How often are data calls issued?

The frequency varies, but data calls are issued at least annually. Some are quarterly or monthly reporting requirements (Florida Office of Insurance Regulation).

What information is requested in a data call?

Requests vary, but often include financial statements, policy and claims data, compensation details, and information on complaints or violations (Florida Land Title Association).

What are the consequences of not responding?

Failure to respond could result in fines, disciplinary action, revocation of license, or other penalties from the insurance regulator (Florida Office of Insurance Regulation).

How is personal information protected?

Regulators must keep data secure and confidential. Any public reporting of aggregated data must protect privacy of insureds (Florida Land Title Association).

Key Takeaways

The key takeaways include:

A data call in insurance refers to the insurer requesting updated information from policyholders to review policies.

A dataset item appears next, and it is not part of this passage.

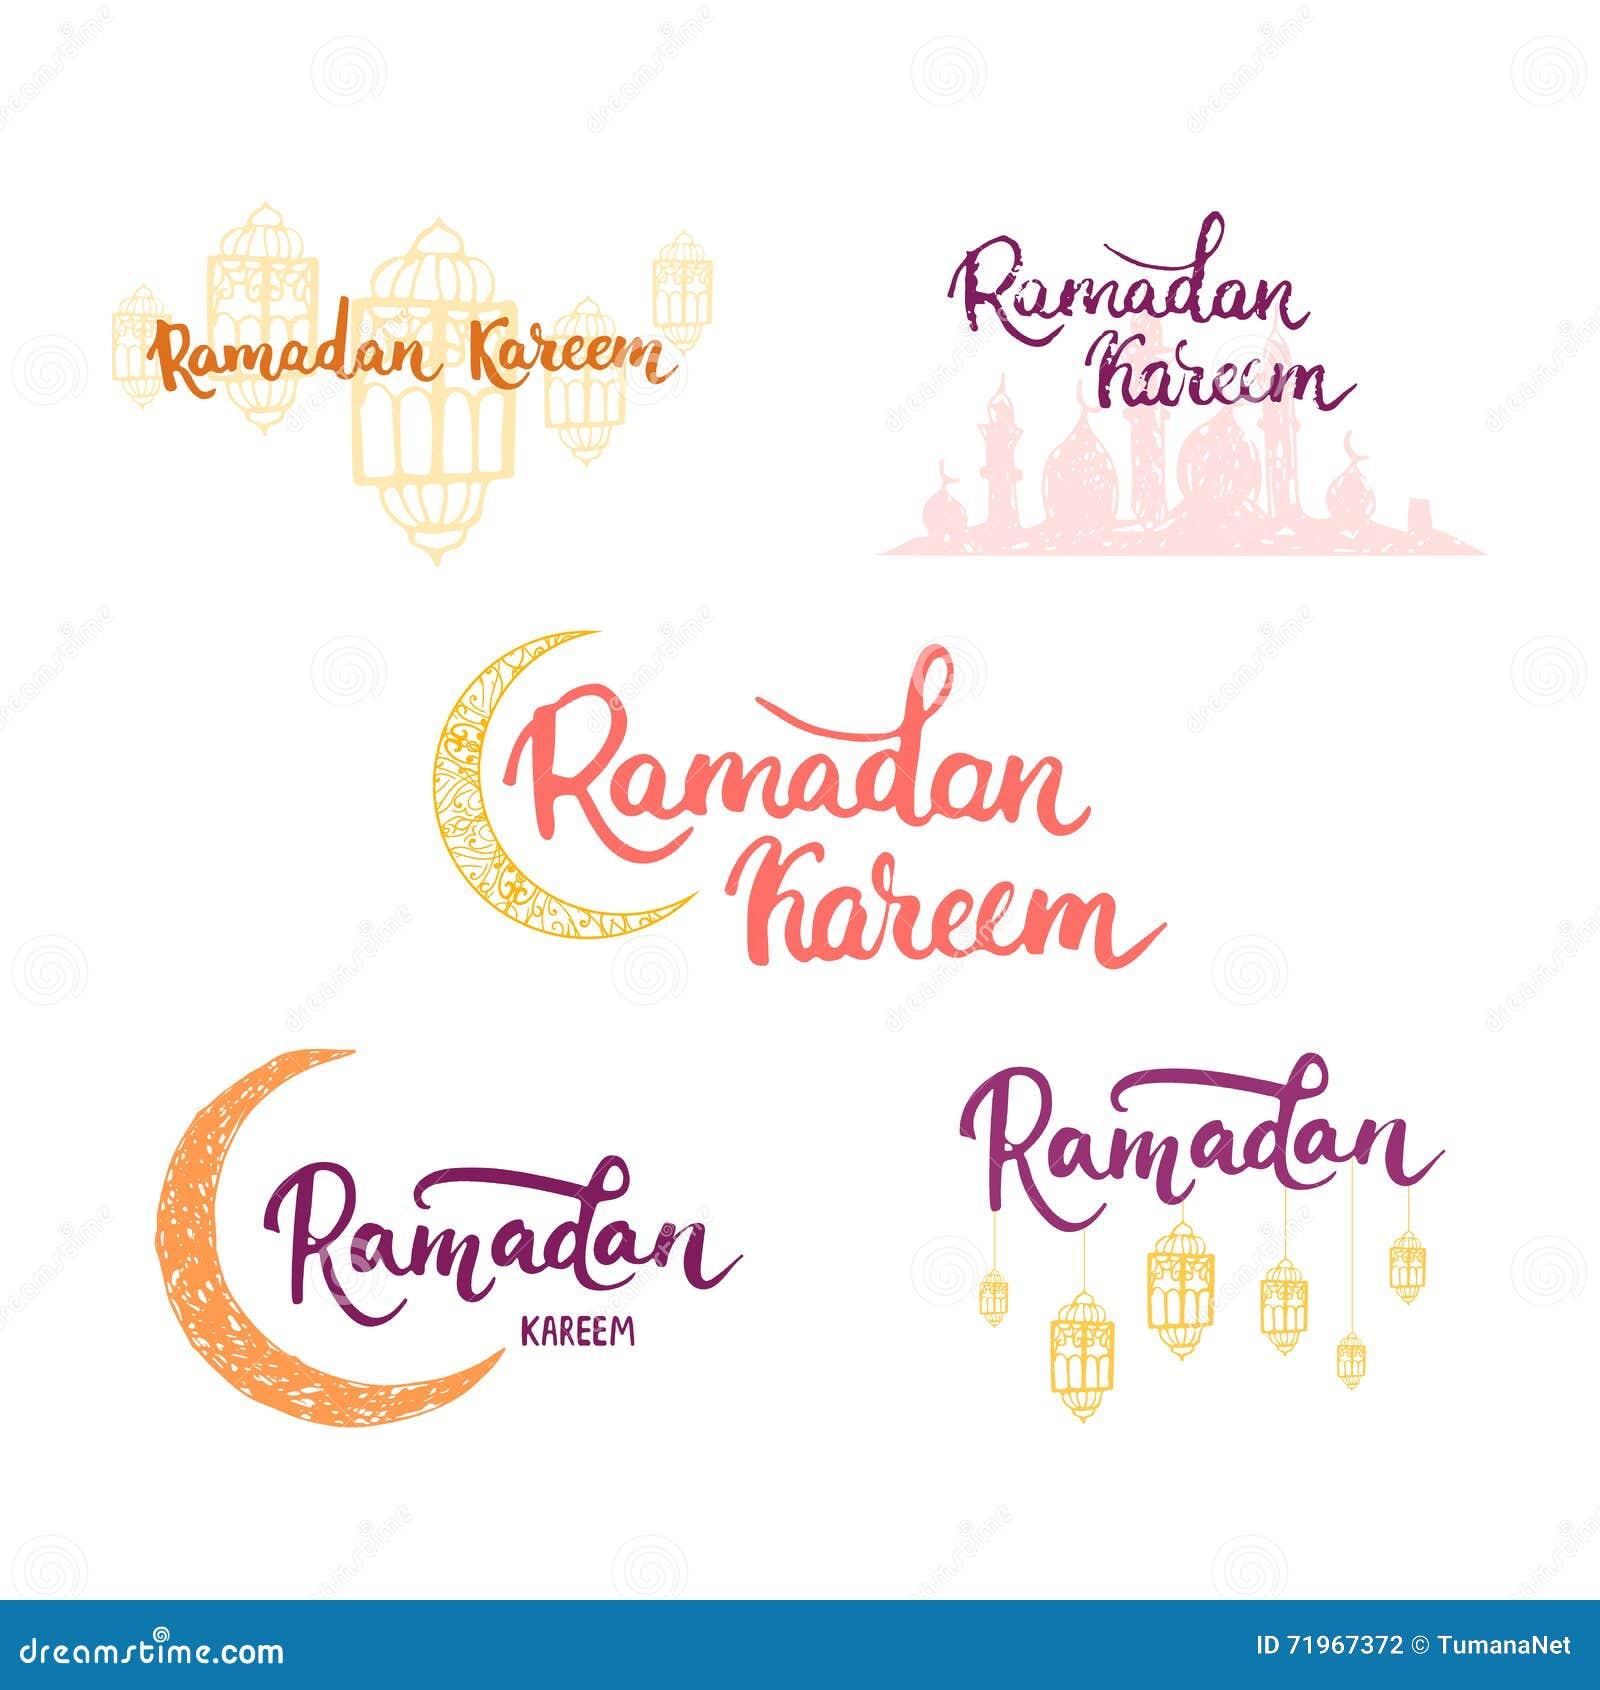 Ramadan kareem greeting cards set background with moon lanterns ramadan kareem greeting cards set background with moon lanterns lettering and mosque vector illustration for ramadan kristyandbryce Gallery

Insurers issue data calls to confirm information is accurate and policies reflect current risk profiles.

Common requests include details on drivers, vehicles, property values and claims history.

Data calls typically occur annually or when policies renew, but can happen anytime.

Policyholders are usually obligated to comply with reasonable data requests.

Not responding may lead to policy cancellation or claims being denied.

Insurers must protect any collected personal information according to regulations.

Policyholders should verify requests are valid and ask for help understanding requests if needed.

Providing accurate, timely information helps keep premiums aligned with risk and policies active.